Still, in practice it should still take a relatively short time to finish (this approach is not efficient but the list is very short). However, in the case of the sudoku, you can end up in an impossible setting. For example:
line = [6, 9, 1, 2, 3, 4, 5, 8, 0]
column = [0, 0, 0, 0, 7, 0, 0, 0, 0]
Where those are the first line (or any line actually) and the last column.

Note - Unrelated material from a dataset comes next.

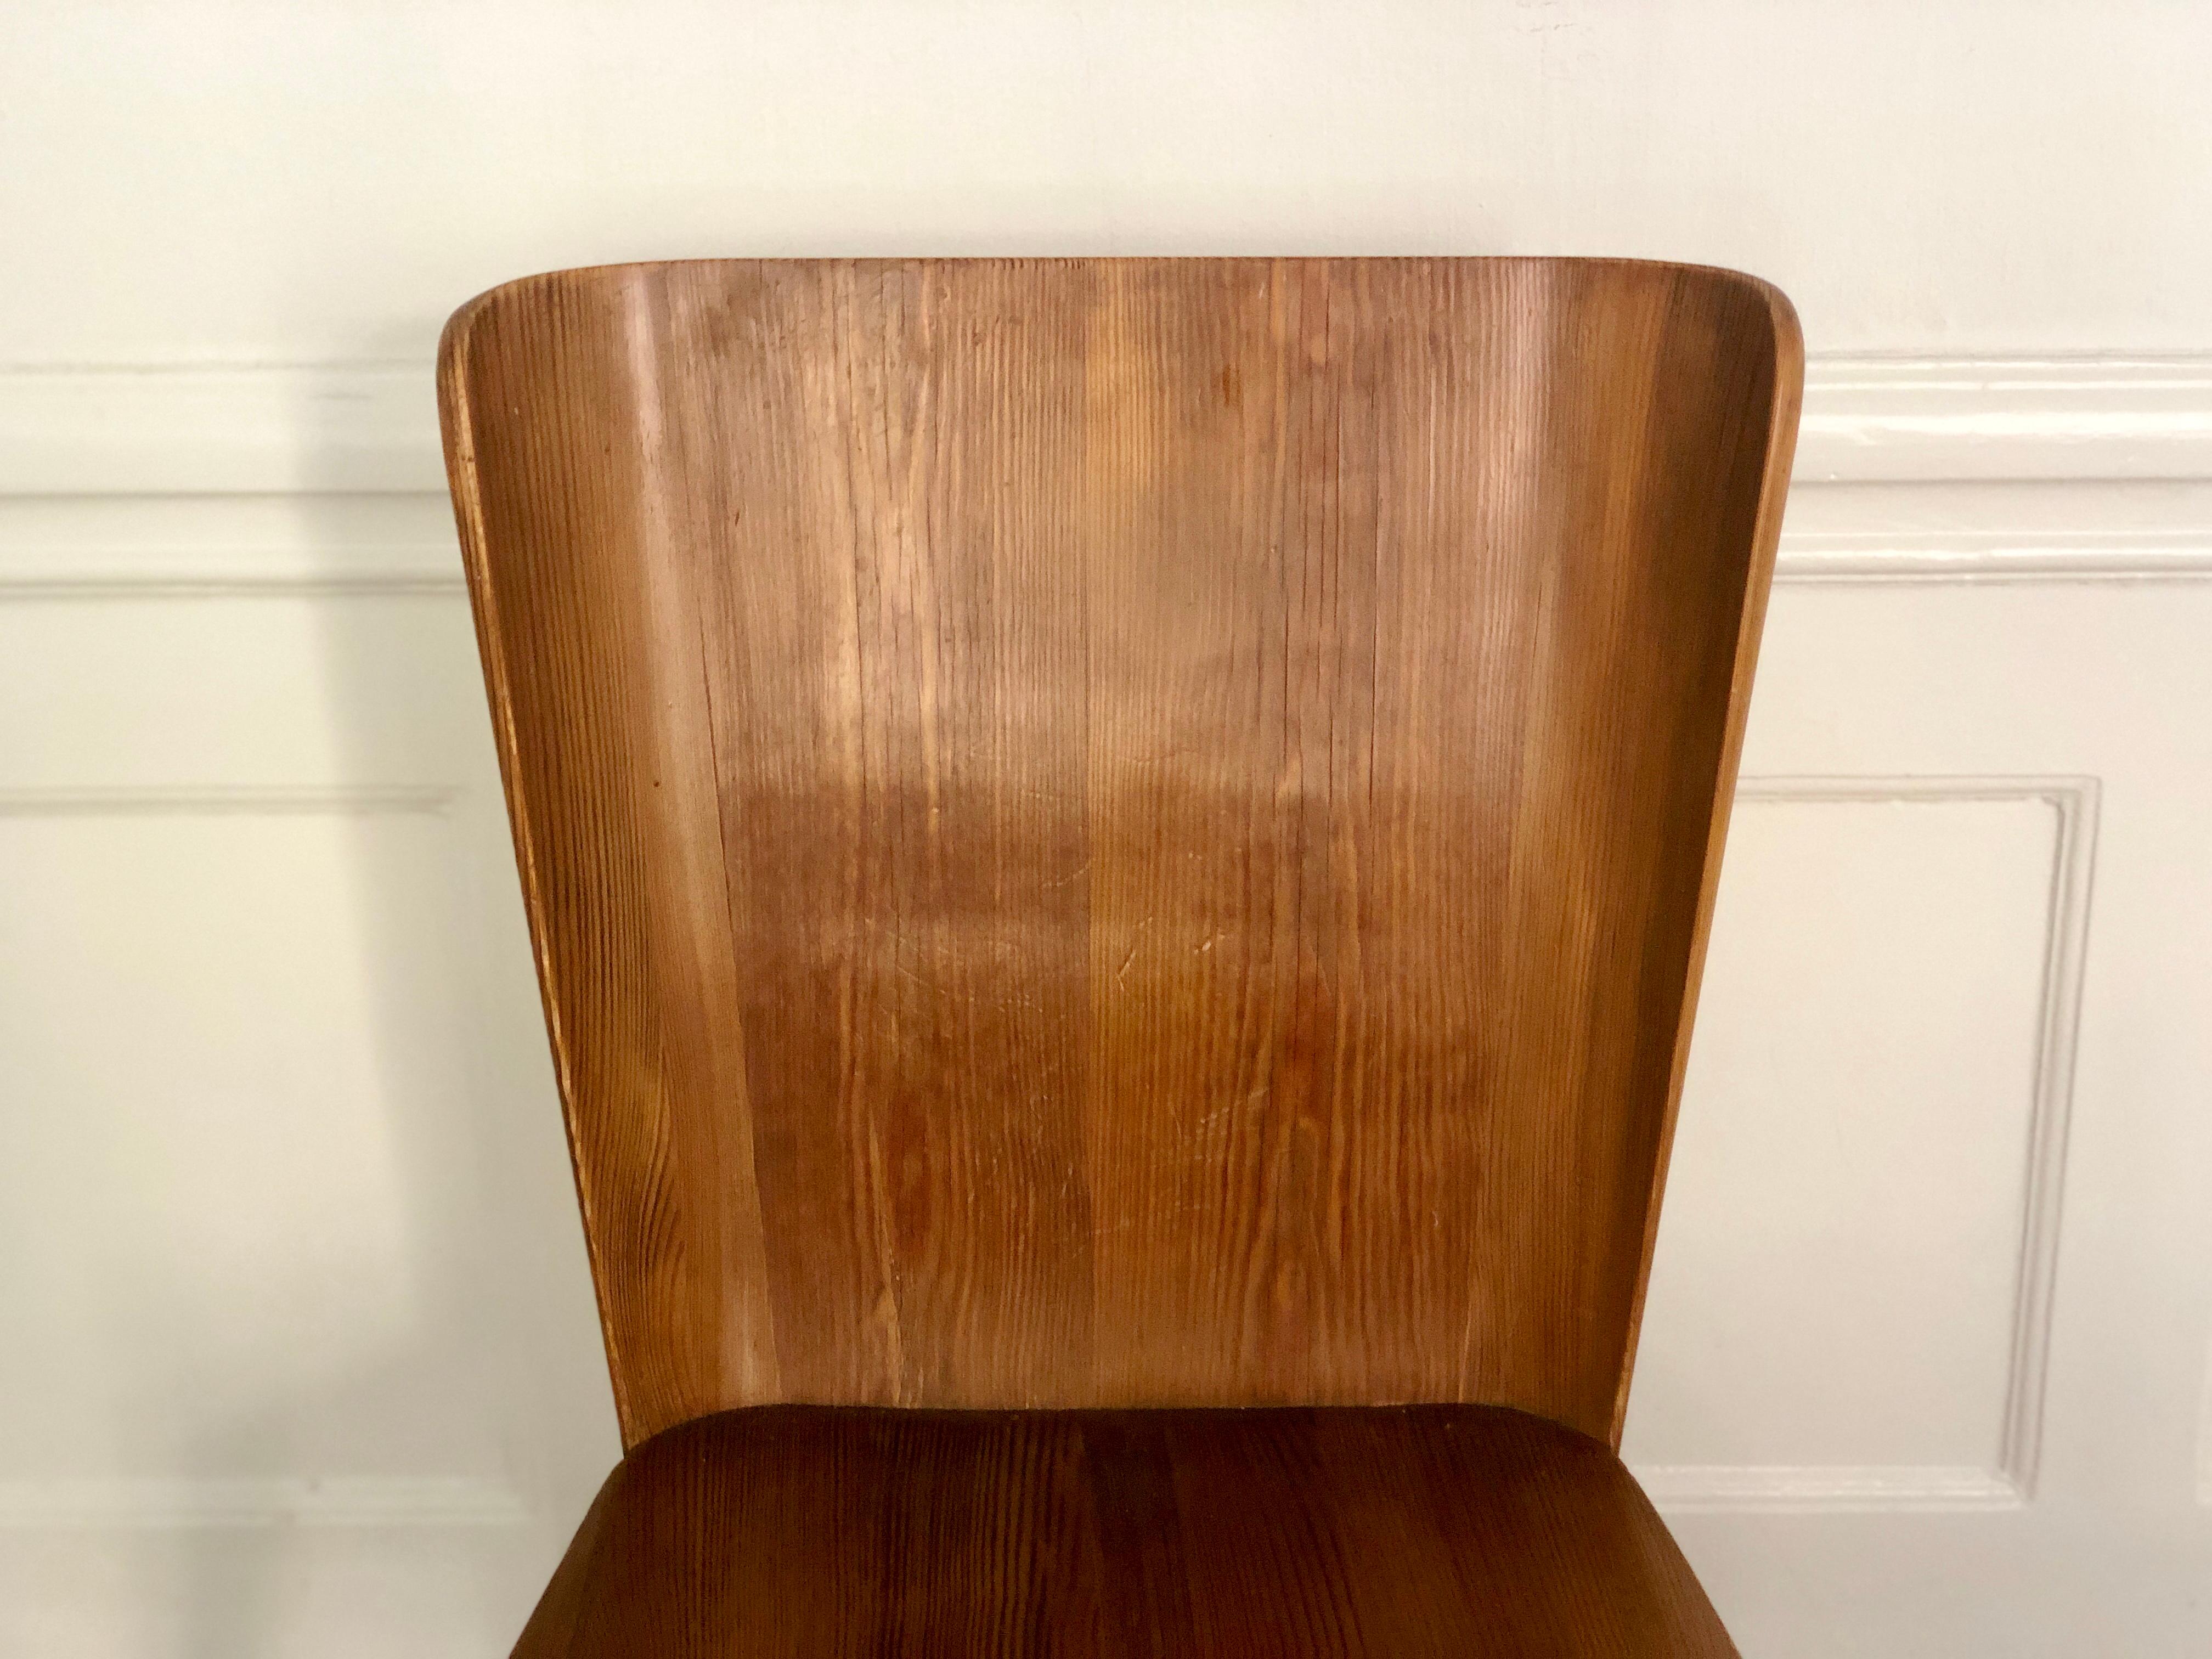 Set of 4 Goran Malmvall Swedish Pine Chairs, Svensk Fur, Sweden, 1940s For Sale 2
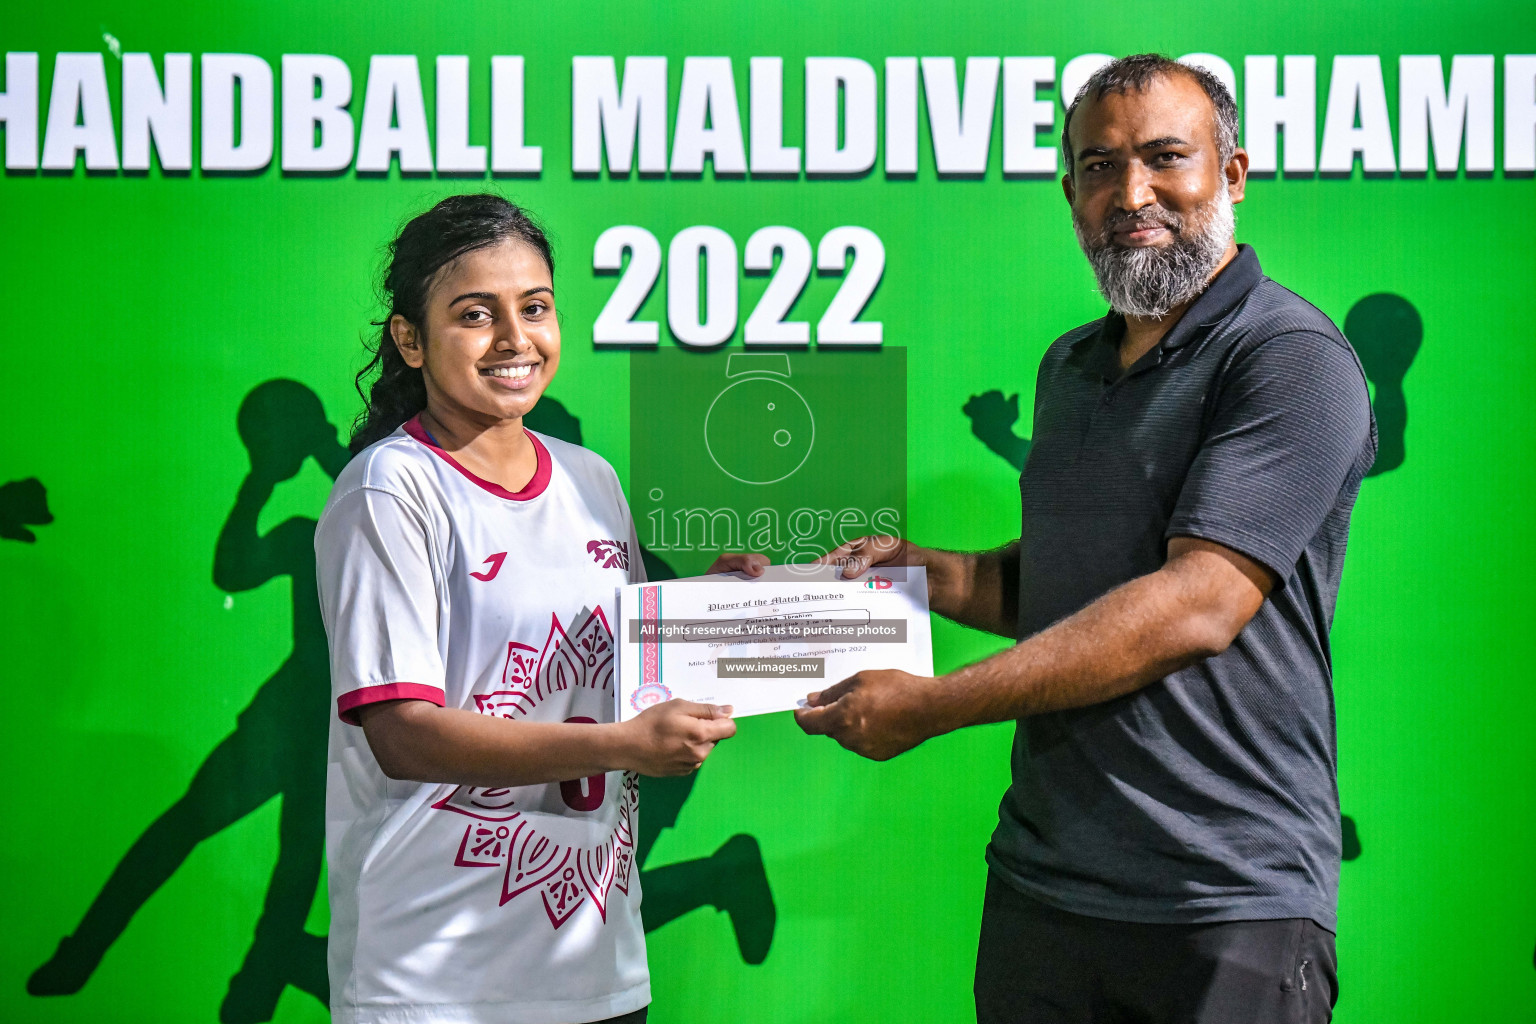 Milo 5th Handball Championship 2022 Womens Division Final REDHAWKS SC vs ORYX HBC on 7th Aug 2022, held in, Male', Maldives Photos: Nausham Waheed / Images.mv

When the algorithm will try to find a value for line[8], it will always fail since 7 is blocked by column.
If you want to keep it this way (aka brute force), you should detect such a situation and start over. Again, this is very unefficient and you should look at how to generate sudokus properly (my naive approach would be to start with a solved one and swap lines and columns randomly but I know this is not a good way).